As we have just discussed, a gene can be studied by expressing it in cells where it is not normally expressed or by expressing it at higher than normal levels. Another way to study a gene is to inactivate it, so that it is not transcribed and translated into a functional protein, or to change its DNA sequence so that an altered gene product is made. CRISPR technology offers a powerful new approach for “gene editing” (adding, disrupting, or changing the sequence of specific genes) and gene regulation (Figure 18.6). As with many other tools of biotechnology, the method emulates a mechanism found in nature, one that some bacteria and many archaea use to defend themselves against viral infections. The genomes of these species have many short (24–48 bp) palindromic sequences of DNA (see Key Concept 18.1), with unique 24-bp spacer DNA in between, which are known by the acronym CRISPR (clustered regularly interspaced short palindromic repeat sequences). While the CRISPR sequence is the same for each repeating unit, the spacers are different. Each spacer is a fragment of DNA from a virus that previously infected the cell but did not end up destroying its host. The spacer sequences thus provide “genetic mug shots” that inform the cell carrying them what viruses to look out for. When a virus carrying a sequence similar to the spacer DNA injects its DNA into the cell, the unit—CRISPR and spacer—is transcribed into RNA, to which a second short RNA attaches.

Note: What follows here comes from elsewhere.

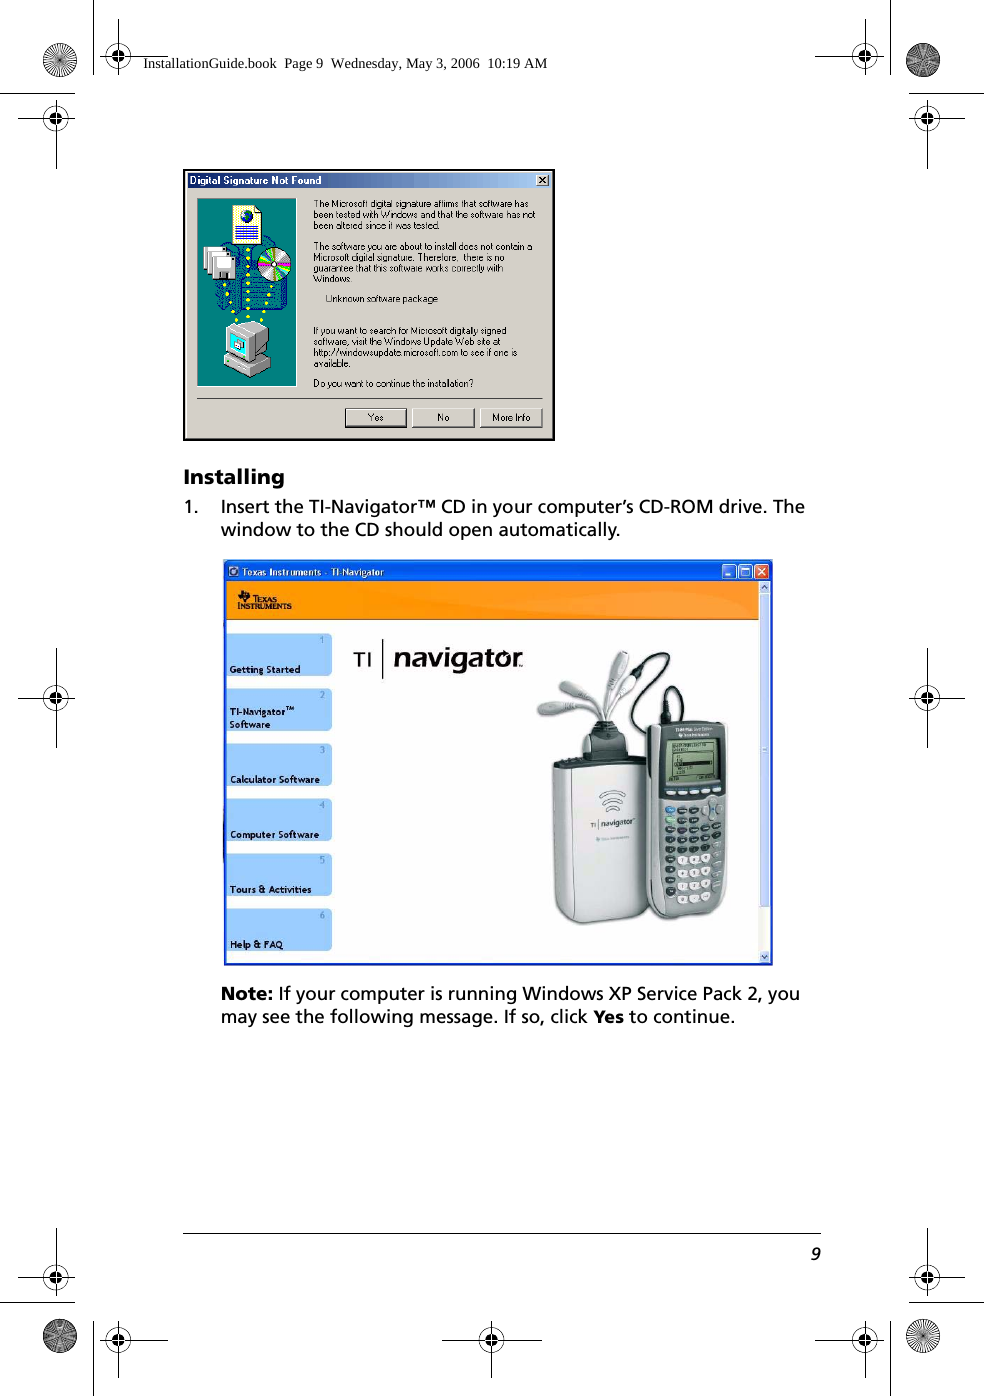 9Installing1. Insert the TI-Navigator™ CD in your computer’s CD-ROM drive. The window to the CD should open automatically.Note: If your computer is running Windows XP Service Pack 2, you may see the following message. If so, click Yes to continue.InstallationGuide.book  Page 9  Wednesday, May 3, 2006  10:19 AM

This RNA complex then performs the following two functions:

Therefore any cell that was once infected by a virus has the “memory” of that infection encoded in its genome, and those of all cells that are produced from it.

Once this natural immune system was described, it occurred to Emmanuelle Charpentier at Umeå University in Sweden and Jennifer Doudna at the University of California, Berkeley that it might be adapted to cut any DNA at a specific location: all that was needed was the RNA complementary to the target (a “guide” RNA) and the CAS9 enzyme. Tens of thousands of unique guide RNAs are now available commercially, each targeted to a specific gene in a specific organism, prokaryotic or eukaryotic, making possible a diversity of studies of inactivated genes and exploration of a multitude of “What if?” questions.

The simplicity of CRISPR technology to inactivate genes holds great promise. To give just one early example, a fungal disease called powdery mildew can devastate a wheat crop. Many wheat varieties have a gene whose expression inhibits wheat’s natural defenses against this disease, so the only way to control the disease is through heavy application of fungicides. Scientists in China used CRISPR technology to inactivate this gene, so that natural resistance is favored.

CRISPR technology can be used to create specific mutations. When CAS9 cuts target DNA in a living cell, the cell attempts to repair the damage (see Figure 13.18). Often this repair is imperfect, so that the rejoined DNA has a mutation. Biologists can specify the mutation by synthesizing a short DNA sequence complementary to the region at the break so that the new sequence will have a specific alteration.

Perhaps more dramatic than the ability to induce mutations is the possibility of correcting mutations, particularly those that cause disease. For example, the disease cystic fibrosis is caused by mutation of a membrane transport protein. Scientists in the Netherlands have used CRISPR to correct the mutation in cells from patients with this disease. While this is not a cure (the corrected gene would have to function in many tissues), the possibility arises that the mutated gene could be corrected in germ line cells, such as those of an early embryo. However, the ease with which the human germ line genome can be altered using CRISPR technology has elicited ethical and legal concerns. In some countries altering the germ line in a human is illegal.